RECORD EXCERPTS Start Marker

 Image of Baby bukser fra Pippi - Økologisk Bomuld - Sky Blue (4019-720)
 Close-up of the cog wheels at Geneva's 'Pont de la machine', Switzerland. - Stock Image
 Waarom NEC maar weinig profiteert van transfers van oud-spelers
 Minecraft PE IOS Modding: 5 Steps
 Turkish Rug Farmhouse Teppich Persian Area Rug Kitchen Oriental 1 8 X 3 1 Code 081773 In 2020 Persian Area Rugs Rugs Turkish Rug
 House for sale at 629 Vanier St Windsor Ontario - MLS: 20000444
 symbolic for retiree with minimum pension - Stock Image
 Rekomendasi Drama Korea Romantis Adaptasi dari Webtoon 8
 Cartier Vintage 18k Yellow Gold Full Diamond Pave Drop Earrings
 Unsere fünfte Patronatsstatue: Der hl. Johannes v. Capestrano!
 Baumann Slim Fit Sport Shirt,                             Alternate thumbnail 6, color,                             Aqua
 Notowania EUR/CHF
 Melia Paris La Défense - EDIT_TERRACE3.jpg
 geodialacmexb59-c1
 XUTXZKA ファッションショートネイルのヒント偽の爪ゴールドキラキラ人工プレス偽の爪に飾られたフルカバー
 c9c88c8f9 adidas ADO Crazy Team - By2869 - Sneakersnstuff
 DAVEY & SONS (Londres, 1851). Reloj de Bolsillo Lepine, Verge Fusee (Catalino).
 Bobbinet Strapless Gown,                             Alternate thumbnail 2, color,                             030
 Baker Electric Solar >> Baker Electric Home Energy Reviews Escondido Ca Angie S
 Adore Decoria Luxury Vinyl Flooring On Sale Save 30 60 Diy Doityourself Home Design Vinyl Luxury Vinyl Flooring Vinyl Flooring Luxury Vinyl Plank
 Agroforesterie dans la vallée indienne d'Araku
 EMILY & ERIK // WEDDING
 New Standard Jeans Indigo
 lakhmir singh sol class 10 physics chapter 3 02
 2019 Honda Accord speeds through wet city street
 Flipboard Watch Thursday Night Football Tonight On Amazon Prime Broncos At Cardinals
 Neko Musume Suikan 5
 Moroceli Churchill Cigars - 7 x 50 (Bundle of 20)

RECORD EXCERPTS End Marker

WHAT TO WORK ON: Reproduce, word for word, every line starting at the line that contains "DAVEY & SONS" and ending with the final line of the entries.

RESPONSE TO THIS EXERCISE:
 DAVEY & SONS (Londres, 1851). Reloj de Bolsillo Lepine, Verge Fusee (Catalino).
 Bobbinet Strapless Gown,                             Alternate thumbnail 2, color,                             030
 Baker Electric Solar >> Baker Electric Home Energy Reviews Escondido Ca Angie S
 Adore Decoria Luxury Vinyl Flooring On Sale Save 30 60 Diy Doityourself Home Design Vinyl Luxury Vinyl Flooring Vinyl Flooring Luxury Vinyl Plank
 Agroforesterie dans la vallée indienne d'Araku
 EMILY & ERIK // WEDDING
 New Standard Jeans Indigo
 lakhmir singh sol class 10 physics chapter 3 02
 2019 Honda Accord speeds through wet city street
 Flipboard Watch Thursday Night Football Tonight On Amazon Prime Broncos At Cardinals
 Neko Musume Suikan 5
 Moroceli Churchill Cigars - 7 x 50 (Bundle of 20)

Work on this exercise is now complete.